For triangles, it can only be equilateral. For quadrilaterals, it can only be a parallelogram. I do not have a general result at this time.

tdvance
2008-Nov-23, 10:50 PM
I think that's a pretty good answer--necessary and sufficient, and gets all the cases we've noted so far, e.g. even number of sides and regular, or more generally, opposite sides are parallel. Also, it shows D=0 for any regular polygon, since the unit normals must add to 0 for the same reason that the nth roots of unity add to 0.

Sarawak
2008-Nov-24, 12:10 AM
I am just realizing this point, why do we use the word "triangle" for three but "quadrilateral" for four? Why not "trilateral" or "quadrangle"? They are both words for other things :) But it would be consistent to use always "angle" or "lateral," but we don't.

tdvance
2008-Nov-24, 07:17 PM
In "projective geometry" a quadrangle is four points, no three collinear, and a quadrilateral is four lines, no three concurrent. (no parallel lines in projective geometry, so any four lines, no three concurrent, have four intersection points, actually six). So, it really depends on what you emphasize.

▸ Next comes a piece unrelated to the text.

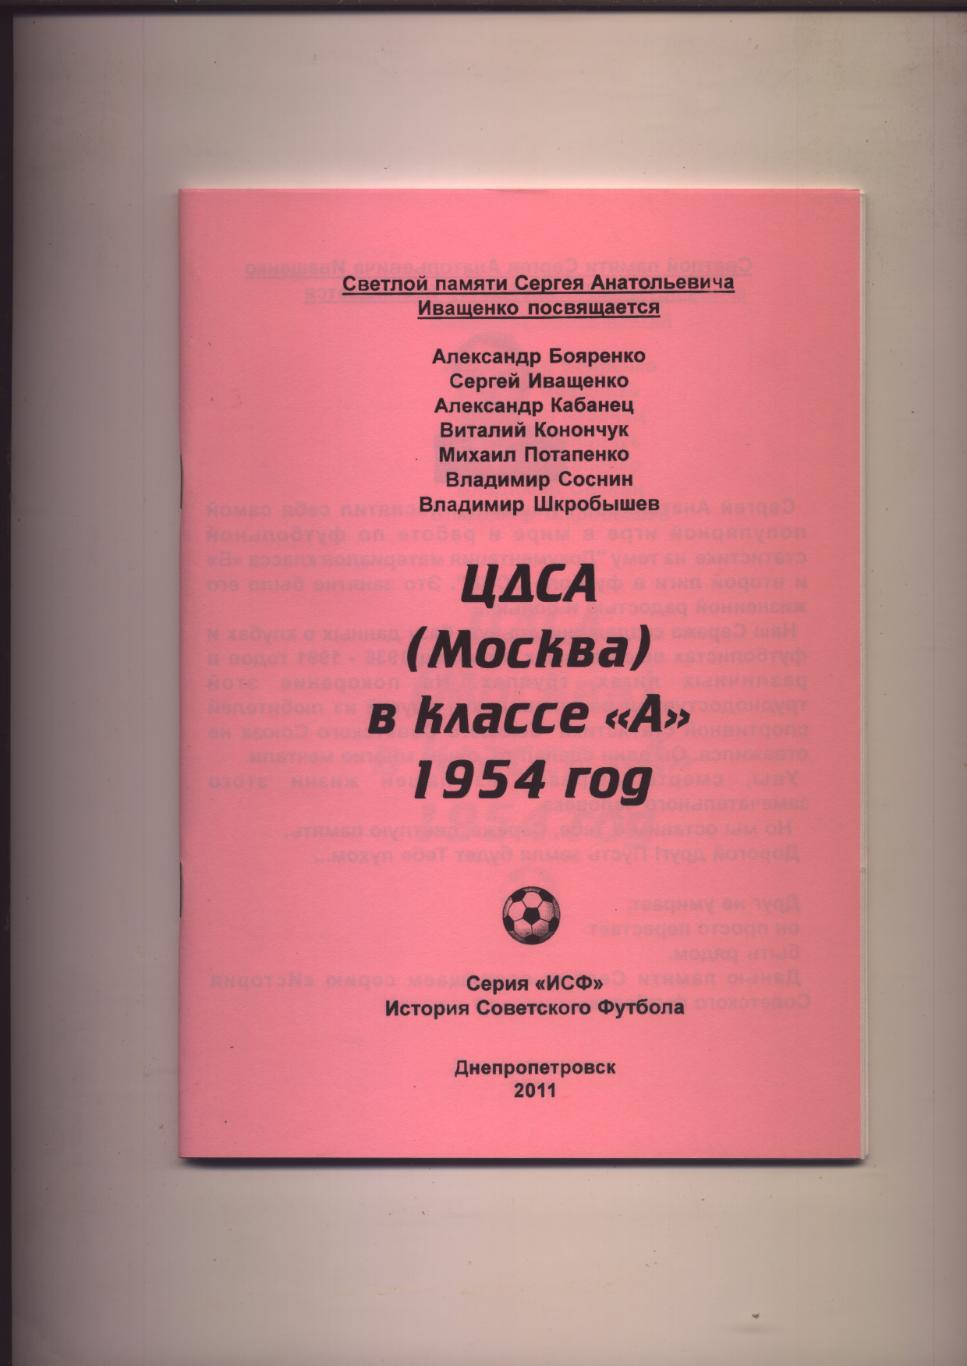 Футбол ЦДСА Москва в классе А 1954 год статистика отчёты фото 56 стр.

I don't know why in ordinary Euclidean geometry we choose to emphasize the vertices of a triangle but the sides of a quadrilateral.

hhEb09'1
2008-Nov-26, 10:58 PM
And, it's not pentangle/pentalateral nor hexangle/hexalateral neither! :)
I think that's a pretty good answer--necessary and sufficient, and gets all the cases we've noted so far, e.g. even number of sides and regular, or more generally, opposite sides are parallel. I'm not sure it's sufficient. What if three of the normals are parallel? Say, by adding a square to one side of a regular septagon? Of course, that's no longer convex.

connor240287
2008-Nov-27, 10:40 PM
Ok no 1 is posting questions/answers so I'll post 1.

98 to the power of 7 = 8.68 × 1013
(Hope non of you are useing calculators, took me 10 mins to figure that out)

and my question, 934 to the power of 11

hhEb09'1
2008-Nov-28, 05:29 AM
(Hope non of you are useing calculators,
we all are! :)

The_Radiation_Specialist
2008-Nov-28, 06:31 AM
In which direction is the bus travelling?

left or right?
http://img503.imageshack.us/img503/6826/schoolbuslu7.jpg

connor240287
2008-Nov-28, 01:45 PM
It's travelling right, just a gess cos I'm looking at the wheels and the circles inside are more to the right.